# Advice needed on LP storage cabinet



## mantisory (Mar 20, 2008)

Hi everyone.
I am wanting to build a cabinet to store records but would like to push my skills a bit and try something a little different. So I am thinking about 6 drawers about 21" deep, on a trestle kind of setup as shown in the skethup below. Given that each cabinet will probably hold ~90 records, it will probably weigh quite a bit (300 lbs?)
I am thinking to have arched rails on the bottom but am worried about the cross rails…i am also planning to have audio equipment on the top shelf, etc etc…do I need to rethink my design?
Thanks for any assistance!
Regards,
Byron
p.s. - I didn't put in the drawers in my drawing yet…


----------



## a1Jim (Aug 9, 2008)

Hey Byron
With stretchers that thin you might think of some sort of cent feet or foot or add another 3rd stretcher. I like the look of the design.


----------



## rhybeka (Nov 8, 2009)

neat idea, Byron. My father in law could use something exactly like this…


----------



## AuroraWoodworks (Nov 6, 2009)

What's a record???


----------



## mantisory (Mar 20, 2008)

I have redesigned this a bit - beefed it up a bit and sorted out some of the dimensions…I think when it's done it should hold ~500 to 600 albums..a couple questions though:
1) What type of joinery would be suitable for the carcass? 
2) What material do you guys think the drawers should be made of?
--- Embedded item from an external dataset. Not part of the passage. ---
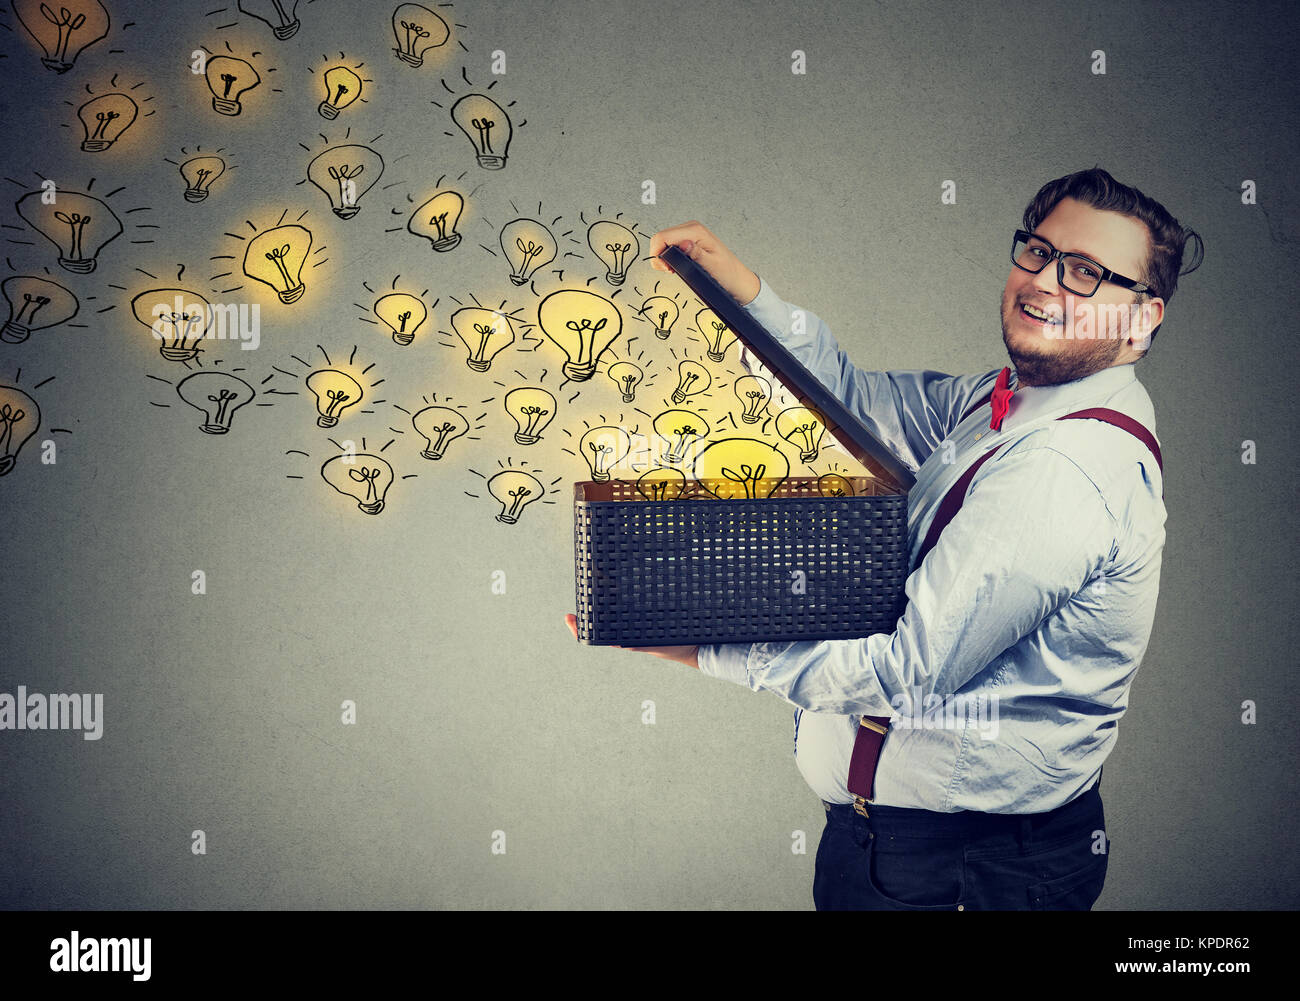 Vista laterale di chunky uomo scatola di contenimento con brillanti idee bein creative e sorridente alla fotocamera. Immagini Stock

Moreover, what thickness of material?
3) The bottom stretchers - should I cut them from a single piece of walnut (cutting across at least some grain), or should i glue strips of bent veneer to make them them so as to increase strength?
Thanks for any suggestions…


----------



## patron (Apr 2, 2009)

maybe attach it to the top stretchers quietly somehow too ,
and distribute the weight to the top and legs too ?


----------